Activity => Where the line with "home-engineering-collage-header2-Catalyst-Commissioning-Group" appears below, start writing out lines exactly, and finish with the line with "Newfeel By Decathlon", which is included; write out nothing else.

Information supplied =>

=== Begin Enclosure ===

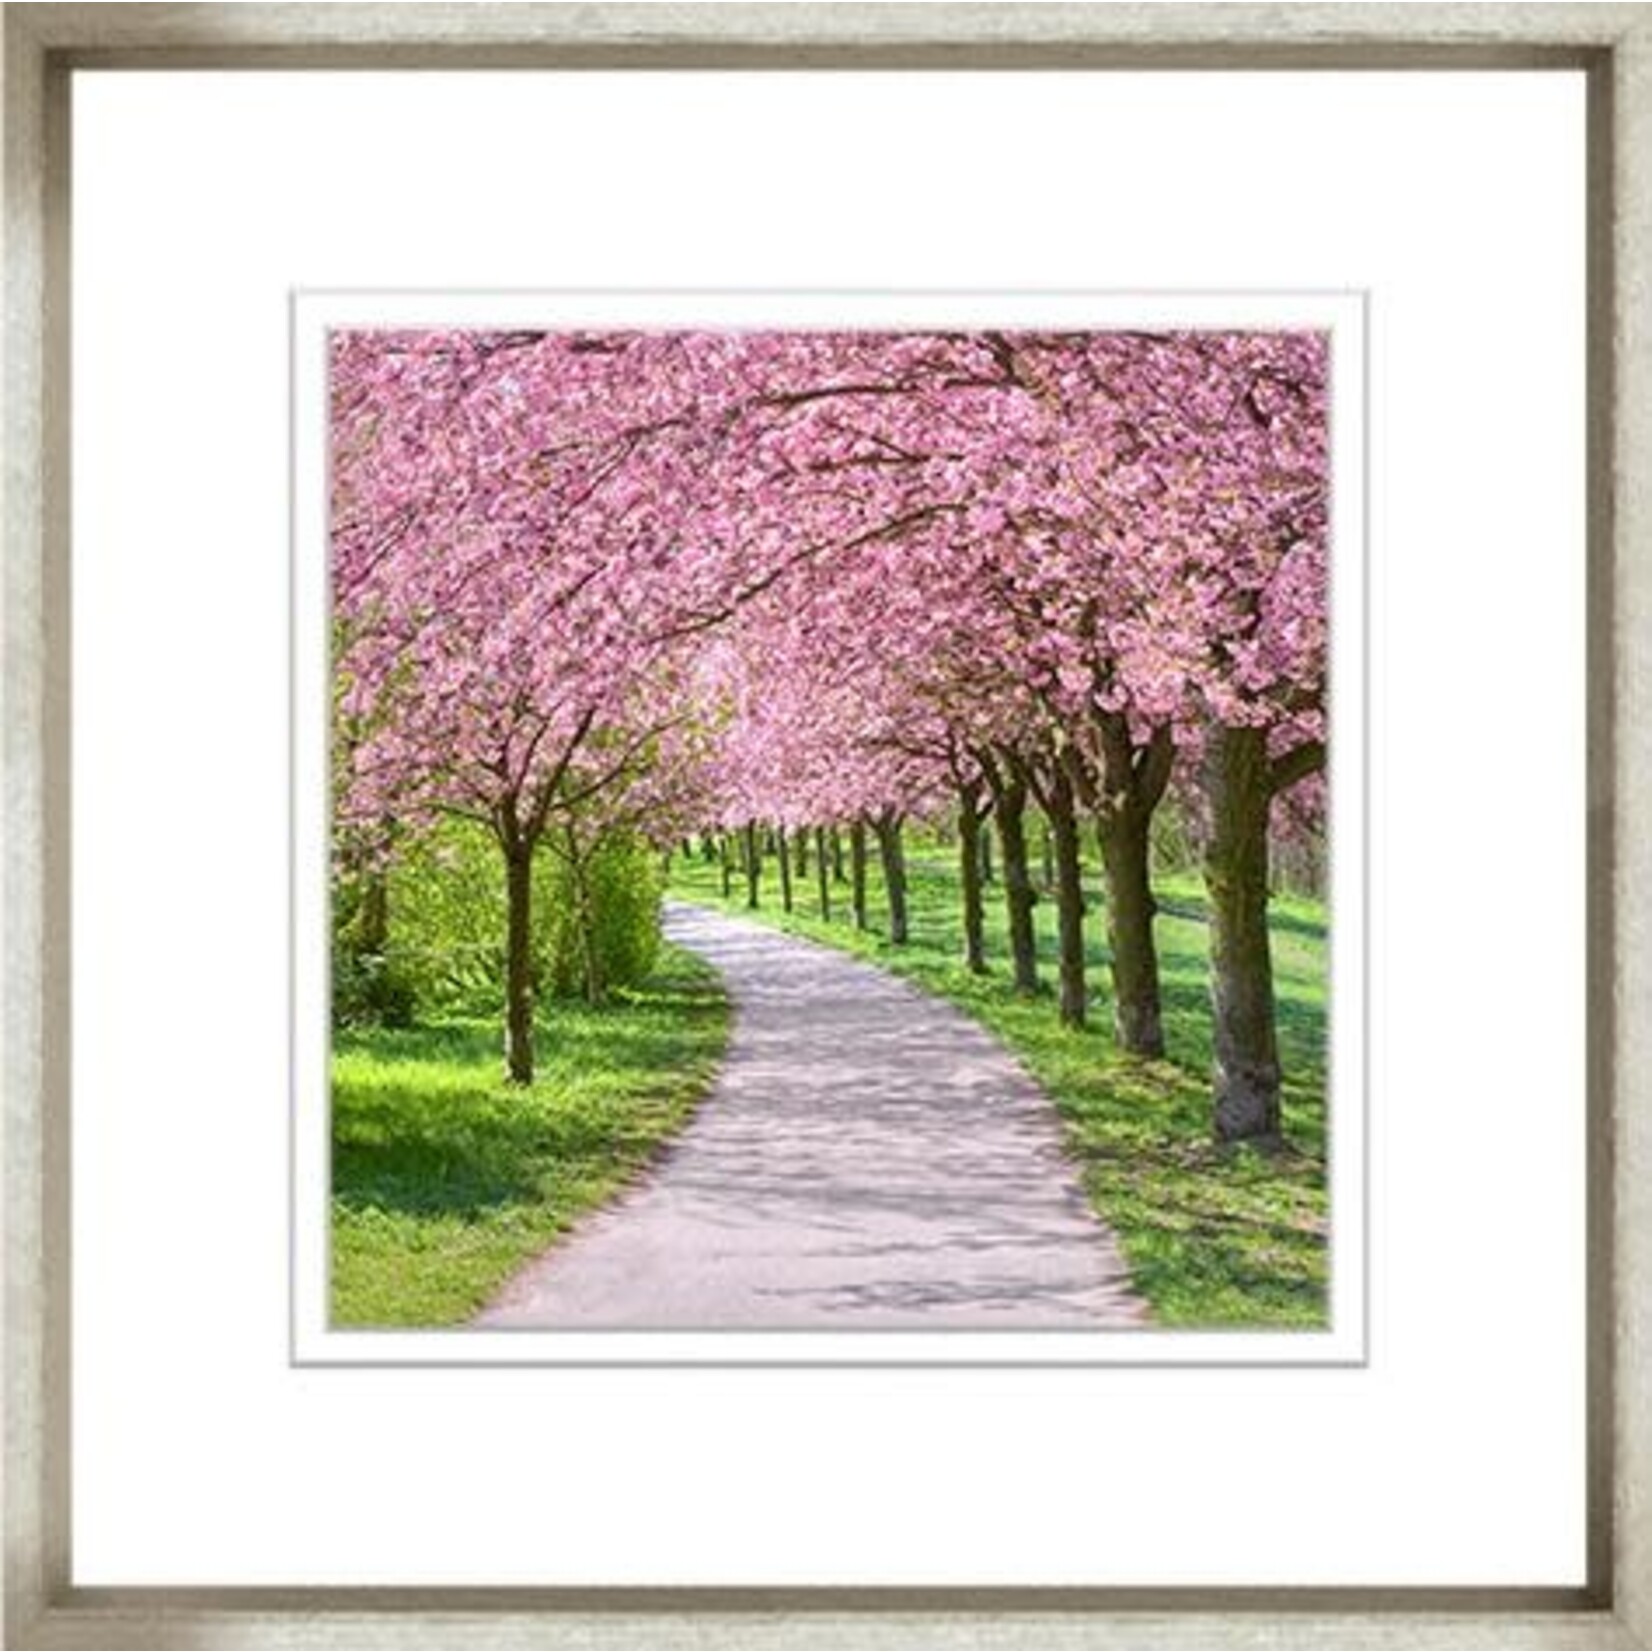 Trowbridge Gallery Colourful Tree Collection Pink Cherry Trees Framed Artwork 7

=== End Enclosure ===
=== Begin Enclosure ===

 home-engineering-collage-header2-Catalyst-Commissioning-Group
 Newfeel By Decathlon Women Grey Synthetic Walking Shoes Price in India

=== End Enclosure ===
=== Begin Enclosure ===

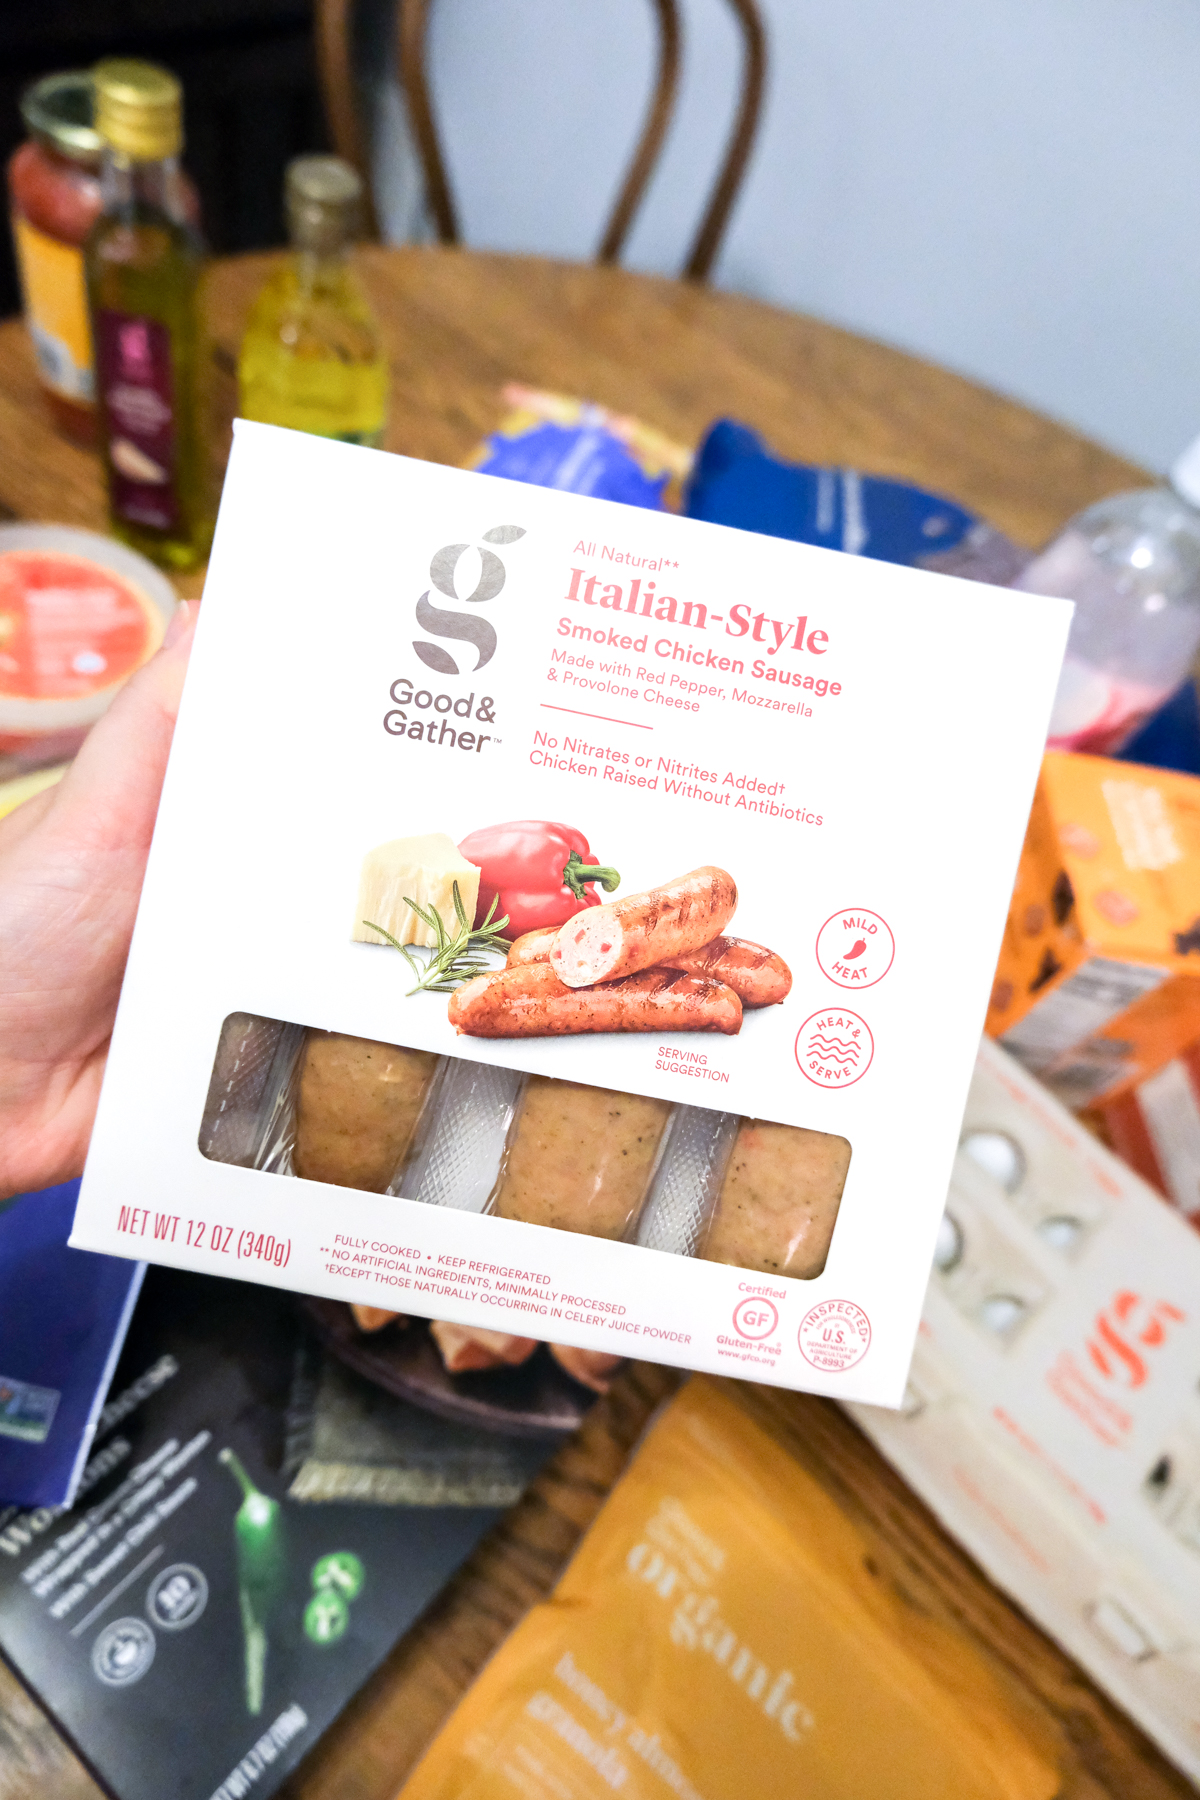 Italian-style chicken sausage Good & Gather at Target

=== End Enclosure ===

Answer box =>
 home-engineering-collage-header2-Catalyst-Commissioning-Group
 Newfeel By Decathlon Women Grey Synthetic Walking Shoes Price in India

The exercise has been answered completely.